Piers Brendon will be speaking here on Nov. 4 @ 7pm.
Again, you are invited.


“If Britain must choose between sunbathing and the open sea, she must always choose the open sea.”
—Winston Churchill


CHURCHILL: THE STATESMAN AS ARTIST
, edited and introduced by David Cannadine, is a breezy compendium that collects all of Churchill’s writings about painting, as well as contemporaneous reviews and critical assessments of Churchill as a painter.

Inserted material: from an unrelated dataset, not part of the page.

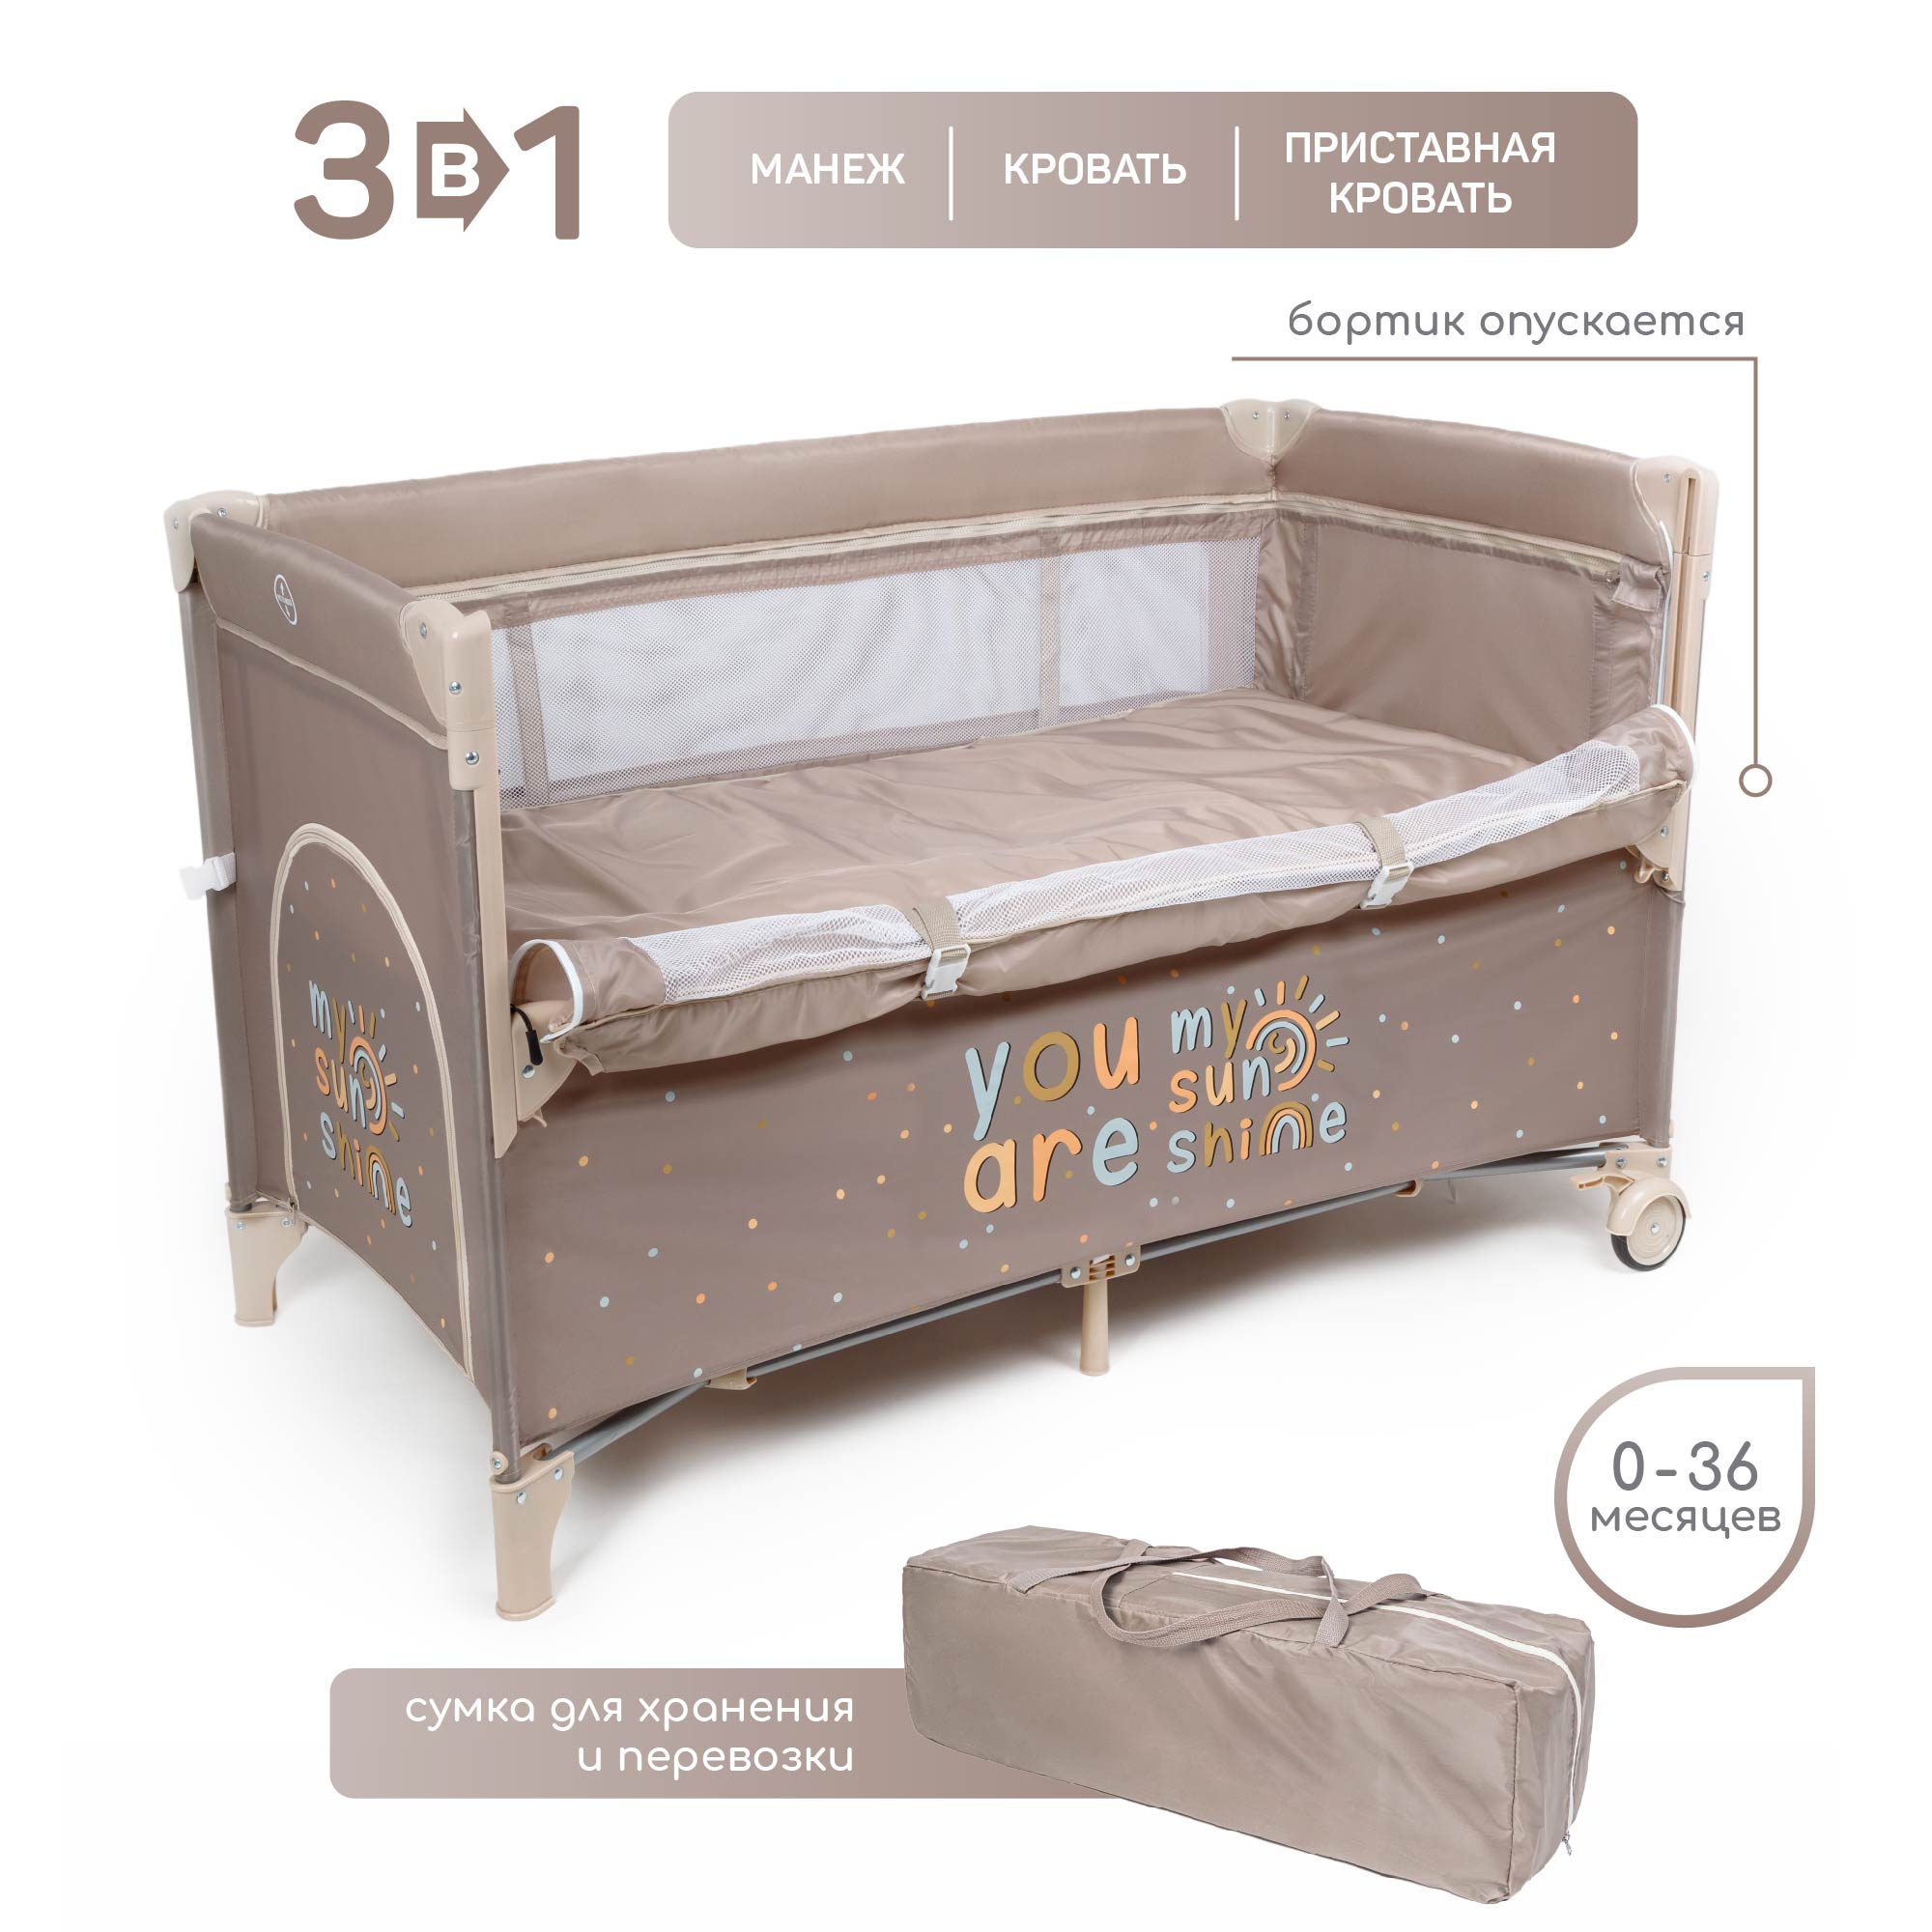 Манеж-кровать Amarobaby TRANSFORM Sunshine прямоугольный, коричневый манеж babycare babycare манеж arena коричневый коричневый

GATSBY’S OXFORD: Scott, Zelda, and the Jazz Age Invasion of Britain 1904-1929
, by Christopher A. Snyder. Did you know that F. Scott and Zelda Fitzgerald crossed paths with Winston and Clementine Churchill at a luncheon hosted by Churchill’s mother, Jennie? Neither did we! Read all about it.

 

 

Churchill floated in the Hendaye sea, “like a benevolent hippo, in the middle of a large circle of protective French policemen who had duly donned bathing suits for the purpose.”
—Private Secretary John Colville (1945)

 

MY EARLY LIFE is Winston Churchill’s only volume of personal memoirs. It is also, arguably, his most entertaining book, a larger-than-life recollection of youth and wayward school boyhood. Perfect for beach towel reflection.

 

THOUGHTS AND ADVENTURES is a terrific anthology of Churchill essays and magazine articles from the 1920s and early 1930s on a wide variety of subjects, including Churchill on “Cartoons and Cartoonists,” flying and the future.

 

“It is not enough to float. We have to swim!”